Fatima Meer is banned for a second time

Fatima MeerFatima Meer

Date: 31 July, 1981

Federation of South African Women (FSAW or FEDSAW) president and the first person to be banned under the 1976 Internal Security Act, Fatima Meer, was banned again for a further five years. Her first ban emanated from trying to organise a rally with Steve Biko. Shortly after her release in 1976, Fatima survived an assassination attempt, when her house was petrol bombed. Her second ban followed the re-emergence of FEDSAW. Through her organisation, Meer was one of the initiators of the Free Mandela Campaign launched in 1981 to call for the release of Nelson Mandela and all political prisoners. She was also involved in campaigns to save the lives of African National Congress (ANC) members sentenced to death, and mobilised support for their families, as well as for political prisoners, detainees and banned people and their families.

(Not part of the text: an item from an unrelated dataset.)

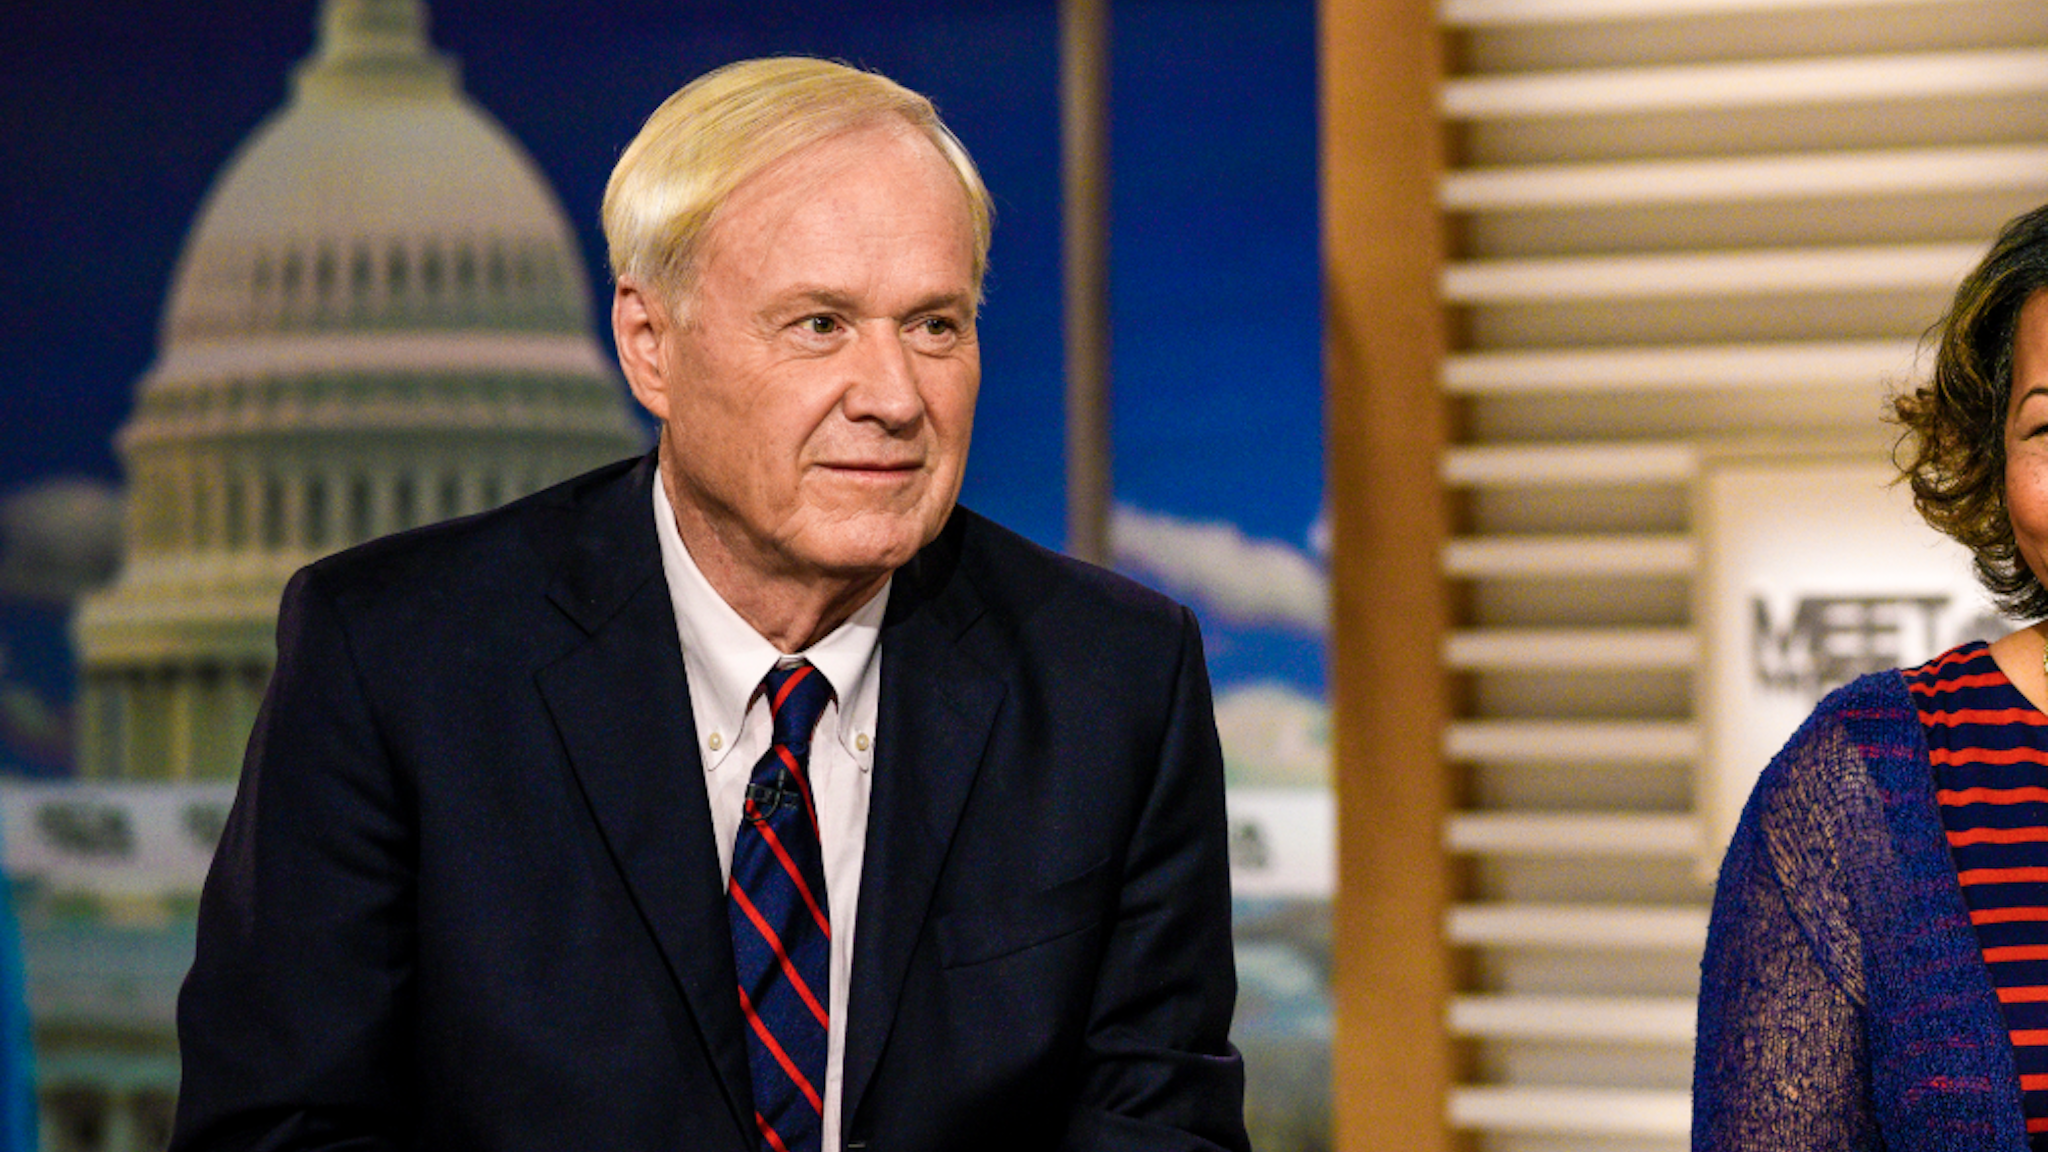 MEET THE PRESS -- Pictured: (l-r) ? Chris Matthews, Host, MSNBC?s ?Hardball? and Helene Cooper, Pentagon Correspondent, The New York Times appear on "Meet the Press" in Washington, D.C., Sunday, April 30, 2017.

In 1981 FEDSAW was again one of the initiators of a call to set up regional committees to co-ordinate a campaign to boycott the celebration of the twentieth anniversary of the founding in 1961 of the (white) Republic of South Africa. The federation also took up 'grassroots' issues, fighting against rent and bus fare increases, against forced removals, and for health and childcare facilities. When school pupils engaged in protests and boycotts, it expressed its solidarity with them. It was these resultant actions by FEDSAW that saw Meer banned for a further five years.

References:

Kalley, J.A.; Schoeman, E. & Andor, L.E. (eds)(1999). Southern African Political History: a chronology of key political events from independence to mid-1997, Westport: Greenwood.